Closed tpoterba closed 5 years ago
While you're at it, can you remove entriesRVD warning if col key is empty?
The strictify is needed to ensure that the resulting entriesRVD is ordered by [row key, col key]. If the row key is empty, the only way to do this would be to explode the rows then shuffle to sort by col key.
I'm not sure what behavior we want for this. The empty row key is just the extreme case of having too coarse a row key, so that the rows having a given row key are too large to fit one partition and sort the entries by [row key, col key]. Until we can dynamically estimate the data sizes, we have to make some assumption about when a key's worth of data fits on a partition, and otherwise we have to shuffle.
If the col key was also empty, we could do this without a shuffle, because there is no ordering requirement on the entriesRVD. I could recognize and optimize that case as a partial solution.
I see the problem, yeah
we can't really ever shuffle the entries, though. We may need a solution that groups by key and explodes.
That's what it does now. If there's no row key, then group-by-key means one partition. The only non-shuffling fix I see is to handle separately the case where both keys are empty.
ah, I see. yes, let's do that.
if the row key is non empty and the col key is empty, though, this will still happen. We should warn or possibly fail in that case
What will still happen?
strictify will put it into one partition
You mean if row key is empty and col key is non-empty? Yes, I agree we should warn then.

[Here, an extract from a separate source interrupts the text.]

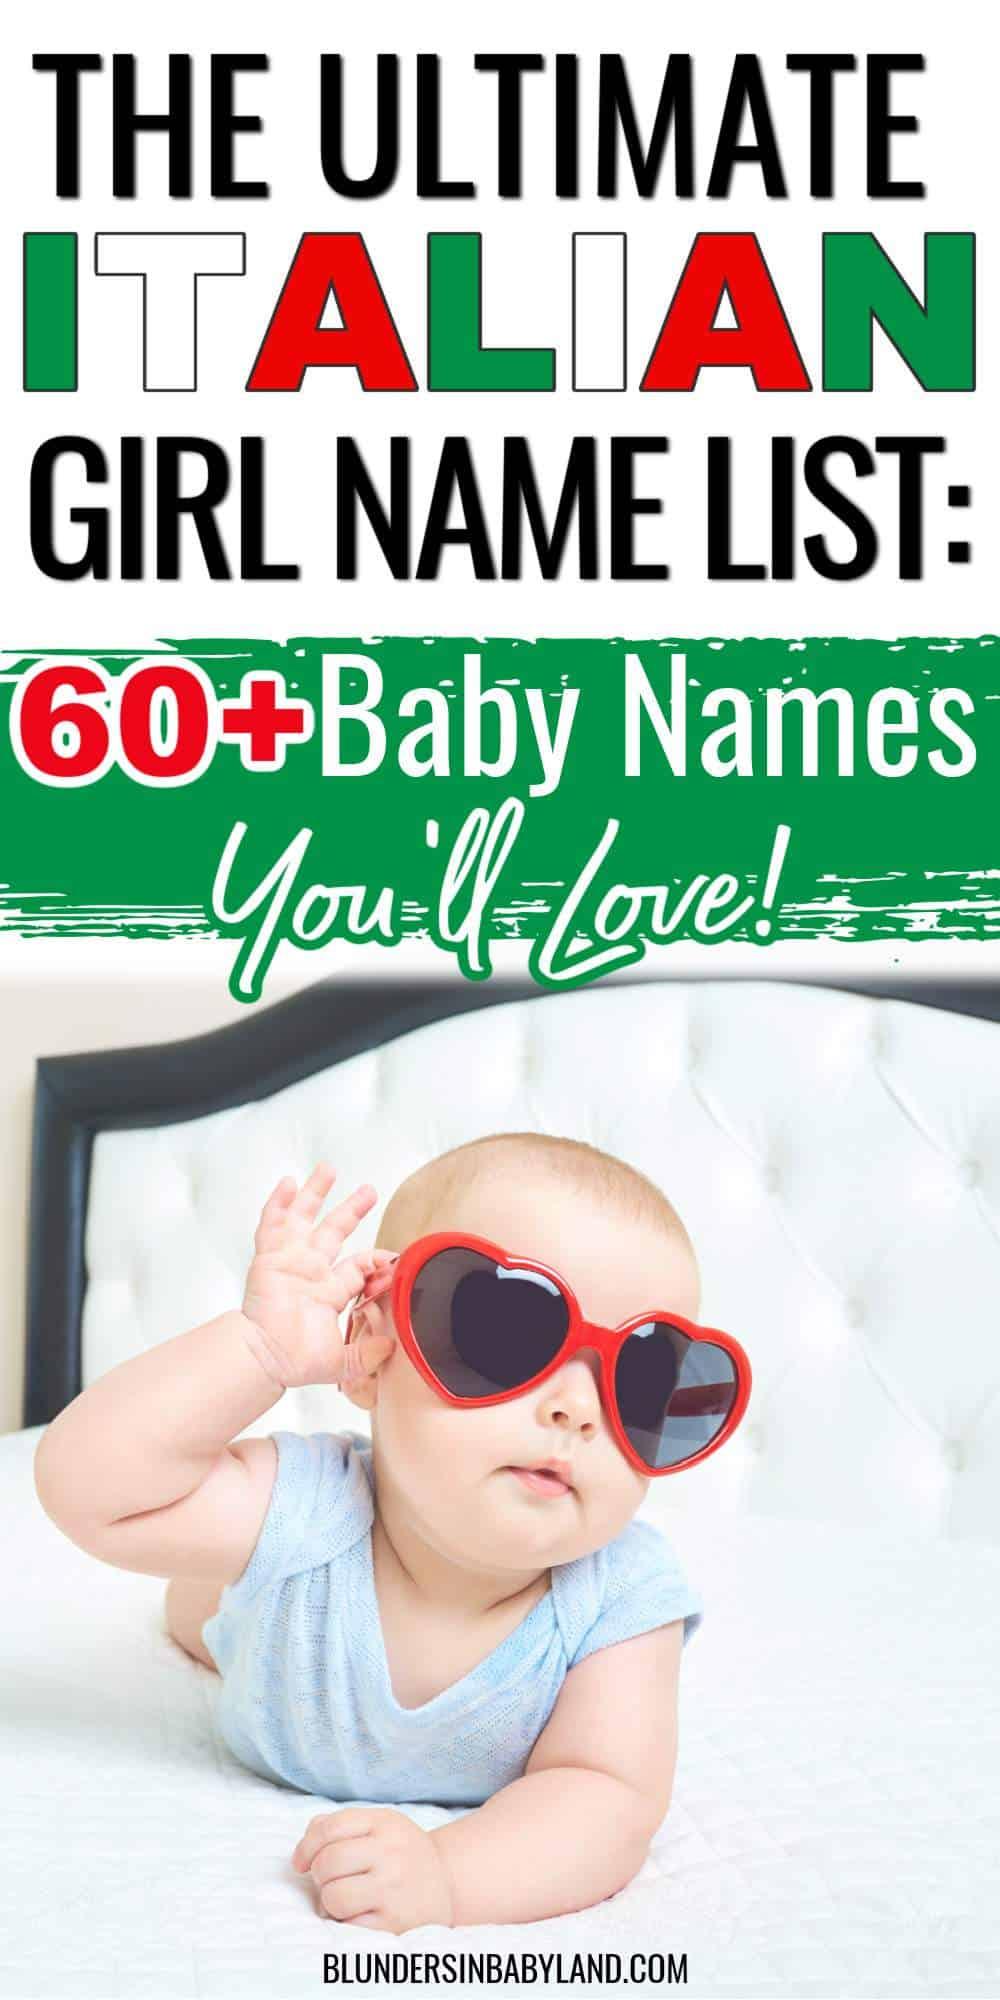 Italian Girl Name List - Italian Baby Names - Baby Names from Italy - Italian Names for Girls

after a few more minutes of thought, a warning is probably not sufficient here. We have to assume that losing parallelism means that the computation will never finish.
There aren't really any good options:
Unkey the cols seems wrong. It makes the contract of entries()

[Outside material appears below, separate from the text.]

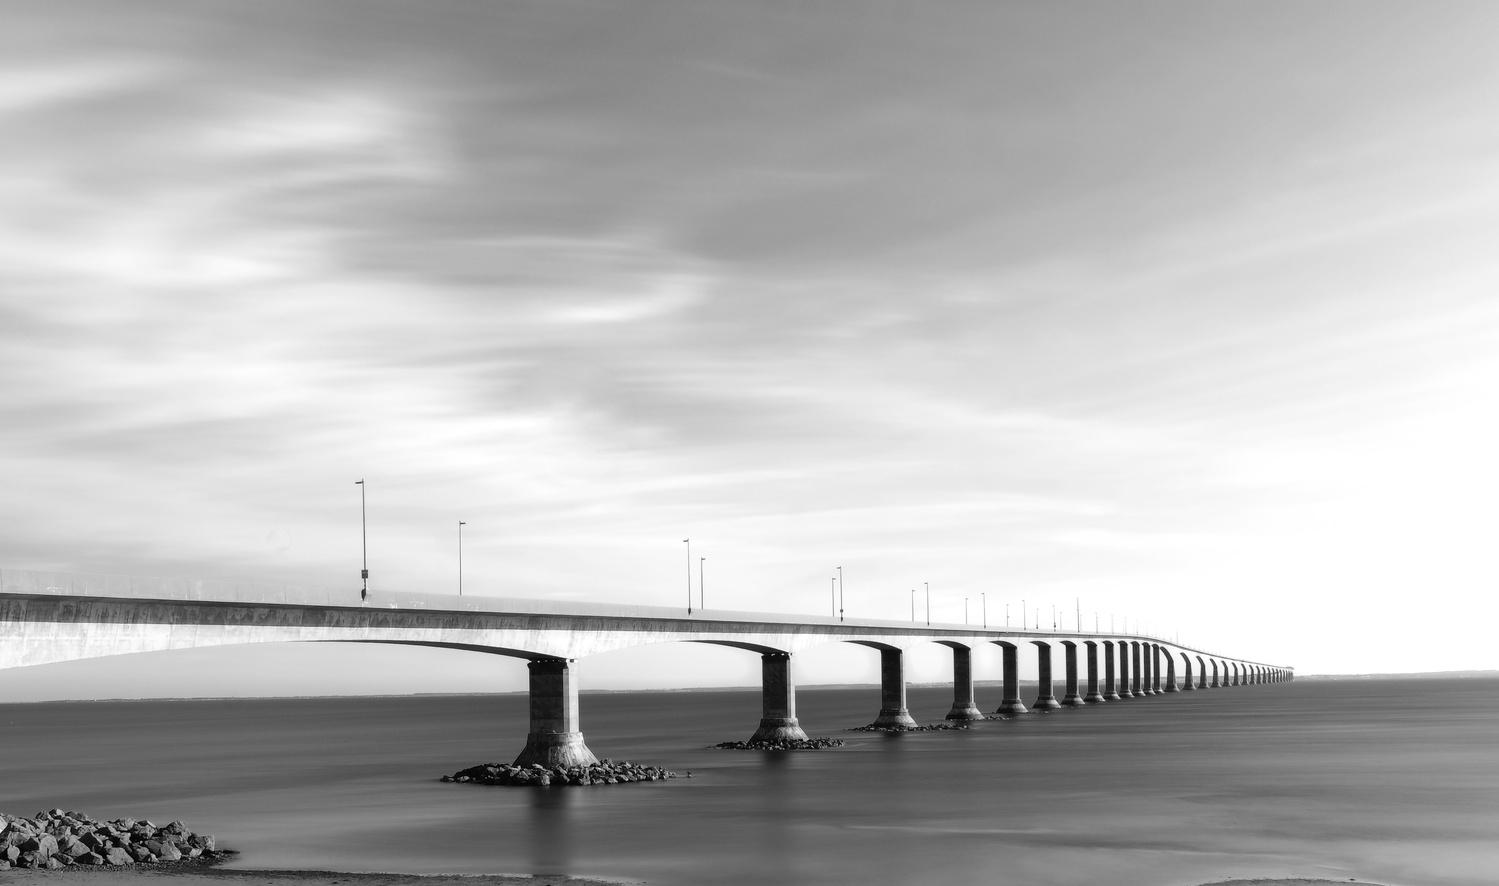 The Bridge by John Pettigrew

much more complicated. I guess a warning or error that makes the user decide between manually unkeying the columns or shuffling would be best? (I guess that means implementing a shuffling option for small data.)
seeing weird behavior:
In [2]: mt = hl.utils.range_matrix_table(3, 3)
In [3]: mt.annotate(x = hl.struct(r=mt.row_idx, c=mt.col_idx))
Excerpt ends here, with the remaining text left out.